As table 2 further details, survey and social media data differ in a number of additional ways relevant to the larger question of population versus topic coverage: in the sampled units (individuals versus posts), the sampling frame (population versus corpus), the sampling procedure (probability versus non-probability), the sample size (typically, smaller versus much larger), and the relevance to the research topic of the survey responses or social media posts (directly relevant by definition versus not necessarily relevant). There are also differences in the granularity of possible analyses (i.e., the opportunity to focus analyses on subgroups of people); to adapt Prewitt’s terms in characterizing administrative data (Peytchev 2008), social media data are “case-rich but variable-poor,” meaning that variables that allow measurement of subgroups are rarely contained in posts (even if they can sometimes be imputed). The differences in the nature of the data (“elicited” versus “found”) lead to further differences in how the data are structured, since the social media analyses must be carried out on transformations of textual data. There are also differences in what auxiliary information (paradata, e.g., Couper 2008) is automatically generated.

PRACTICAL AND ETHICAL CONSIDERATIONS (TABLE 3)

Beyond differences in how survey data and social media analyses are generated (table 1) and structured (table 2), there are substantial differences in the costs, practices, and communities surrounding them (table 3). As table 3 details, survey data collection is extremely costly both monetarily and in terms of time (Groves 2011; Presser and McCulloch 2011). Social media data are often claimed to be relatively low in cost to retrieve and analyze (e.g., Murphy et al. 2014; Japec et al. 2015)—although they are certainly not cost free (see Jacobs 2009). 7 Costs for analysis and storage can vary depending on the nature of the access and the amount of data retrieved (De Choudhury et al. 2010); the logistical challenges can be nontrivial (Desouza and Smith 2014). The survey research community has a longer history and has reached greater consensus on how best to collect and analyze data, conceive of error, and address ethical issues, compared to the various data science communities, whose identities and practices are evolving. (This is not to suggest that the survey paradigm is free of challenges or controversies—quite the contrary; see Baker et al. [2013] on nonprobability sampling, and Link et al. [2014] on new challenges for surveys using mobile devices).

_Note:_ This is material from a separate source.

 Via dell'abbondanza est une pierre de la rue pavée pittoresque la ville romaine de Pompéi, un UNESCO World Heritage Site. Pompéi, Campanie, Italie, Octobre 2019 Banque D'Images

Regarding ethical practices, survey researchers largely agree (see AAPOR 2010; Groves et al. 2009, chapter 11) that respondents need to provide explicit consent to participate, that survey studies (at least those receiving US federal funding) need ethical review and regulation before they are deployed, and that identities of respondents must be anonymized in any presentation of findings. There is less clarity about the ethics that need to be considered in obtaining and analyzing social media data. 8 Social media posters are likely often unaware that they have agreed (in their terms of service) that their data can be used for research purposes (Tuunainen, Pitkänen, and Hovi 2009), if the terms of service address research uses of site content at all; social media content can be treated as secondary data that do not need to undergo ethical review (after all, the posts were in many cases intended for an unknown broadcast audience) (Solberg 2010; Zimmer 2010; Grimmelman 2013), and there is no clear consensus on best practices for concealing the identities of social media posters in research presentations (Nissenbaum 2009; Tufekci 2014).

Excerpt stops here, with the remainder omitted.